LeetCode 935: Knight Dialer

Problem Restatement

We place a chess knight on a phone keypad.

The keypad is arranged like this:

1 2 3
4 5 6
7 8 9
  0

The knight moves in the same L-shape as in chess.

We may start on any digit from 0 to 9.

Each time the knight lands on a digit, that digit is pressed.

Given an integer n, return how many distinct phone numbers of length n can be dialed.

Since the answer can be large, return it modulo:

10**9 + 7

The official statement asks for the number of length n phone numbers that can be dialed by starting on any digit and making n - 1 valid knight jumps.

Input and Output

Function shape:

class Solution:
    def knightDialer(self, n: int) -> int:
        ...

Examples

Example 1:

n = 1

We can choose any single digit.

There are 10 possible numbers:

0, 1, 2, 3, 4, 5, 6, 7, 8, 9

Answer:

10

Example 2:

n = 2

We choose a starting digit, then make one knight jump.

The valid moves are:

0 -> 4, 6
1 -> 6, 8
2 -> 7, 9
3 -> 4, 8
4 -> 0, 3, 9
5 -> no moves
6 -> 0, 1, 7
7 -> 2, 6
8 -> 1, 3
9 -> 2, 4

There are 20 valid two-digit numbers.

Answer:

20

Example 3:

n = 3

The answer is:

46

These are the standard examples for this problem.

First Thought: Generate All Numbers

A direct approach is to try every possible starting digit and recursively follow every valid knight jump.

For each path of length n, we count one number.

This works for small n.

But the number of paths grows quickly. We do not need to build the actual numbers. We only need to count how many ways end at each digit after each length.

Key Insight

This is dynamic programming on a small graph.

Each digit is a node.

Each valid knight jump is an edge.

Let:

dp[digit]

mean the number of valid numbers of the current length that end at digit.

For length 1, every digit has exactly one way:

dp = [1] * 10

For each next length, we compute a new array.

If we are currently at digit d, then all counts at d can move to every digit in moves[d].

Algorithm

Use this move table:

moves = {
    0: [4, 6],
    1: [6, 8],
    2: [7, 9],
    3: [4, 8],
    4: [0, 3, 9],
    5: [],
    6: [0, 1, 7],
    7: [2, 6],
    8: [1, 3],
    9: [2, 4],
}

Initialize:

dp = [1] * 10

Then repeat n - 1 times:

1. Create next_dp = [0] * 10.
2. For each digit d, distribute dp[d] to every valid next digit.
3. Replace dp with next_dp.

Finally return:

sum(dp) % MOD

Walkthrough

Use:

n = 2

For length 1:

dp = [1, 1, 1, 1, 1, 1, 1, 1, 1, 1]

Each digit is one possible one-digit number.

Now build length 2.

From digit 0, we can go to 4 and 6.

So:

next_dp[4] += 1
next_dp[6] += 1

From digit 1, we can go to 6 and 8.

So:

next_dp[6] += 1
next_dp[8] += 1

After processing all digits, the total number of length 2 numbers is:

20

Correctness

For length 1, dp[digit] = 1 is correct because there is exactly one number of length 1 ending at each digit: the digit itself.

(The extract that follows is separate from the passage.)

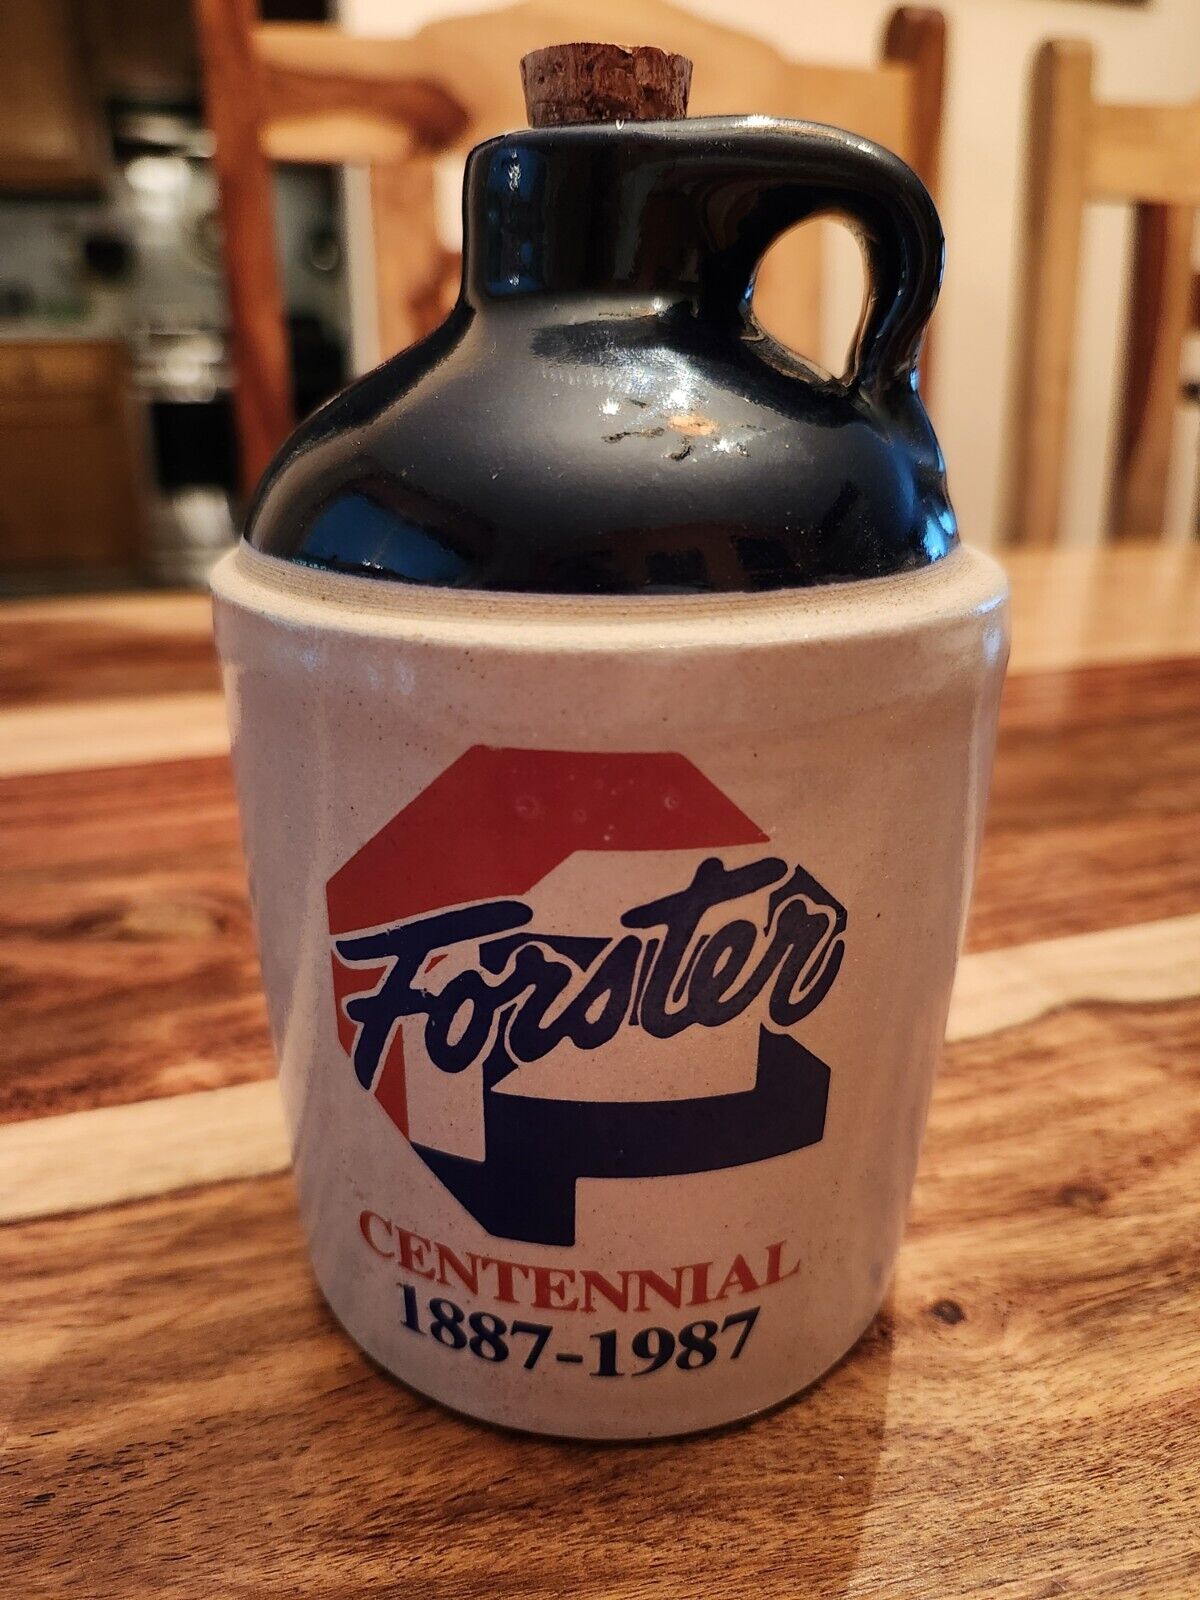 Forster Centennial 1887-1987, Crock Jug, Blue/Beige/Red, Cork Stopper, Vintage

Assume dp[d] correctly stores the number of valid numbers of the current length ending at digit d.

To form a number with one more digit, the knight must jump from the current ending digit d to some valid next digit next_digit.

For each valid move d -> next_digit, every number counted in dp[d] creates one new valid number ending at next_digit.

The algorithm adds exactly those counts into next_dp[next_digit].

No invalid number is counted, because the algorithm only follows valid knight moves.

No valid number is missed, because every valid number of the next length has a previous digit and a final knight jump from that previous digit.

Therefore, after each iteration, dp contains the correct counts for that length.

After building length n, summing all entries gives the total number of valid phone numbers of length n.

Complexity

Implementation

class Solution:
    def knightDialer(self, n: int) -> int:
        MOD = 10**9 + 7

        moves = [
            [4, 6],
            [6, 8],
            [7, 9],
            [4, 8],
            [0, 3, 9],
            [],
            [0, 1, 7],
            [2, 6],
            [1, 3],
            [2, 4],
        ]

        dp = [1] * 10

        for _ in range(n - 1):
            next_dp = [0] * 10

            for digit in range(10):
                for next_digit in moves[digit]:
                    next_dp[next_digit] = (next_dp[next_digit] + dp[digit]) % MOD

            dp = next_dp

        return sum(dp) % MOD

Code Explanation

The modulo is required because the count can become very large:

MOD = 10**9 + 7

The move table stores valid knight jumps from each digit:

moves = [
    [4, 6],
    [6, 8],
    [7, 9],
    [4, 8],
    [0, 3, 9],
    [],
    [0, 1, 7],
    [2, 6],
    [1, 3],
    [2, 4],
]

The base case is length 1:

dp = [1] * 10

Every digit can be chosen as the first digit.

For each additional digit, we build a new DP array:

next_dp = [0] * 10

Then we distribute counts along valid moves:

for digit in range(10):
    for next_digit in moves[digit]:
        next_dp[next_digit] = (next_dp[next_digit] + dp[digit]) % MOD

Finally, all counts for length n are summed:

return sum(dp) % MOD

Testing

def run_tests():
    s = Solution()

    assert s.knightDialer(1) == 10
    assert s.knightDialer(2) == 20
    assert s.knightDialer(3) == 46
    assert s.knightDialer(4) == 104

    print("all tests passed")

run_tests()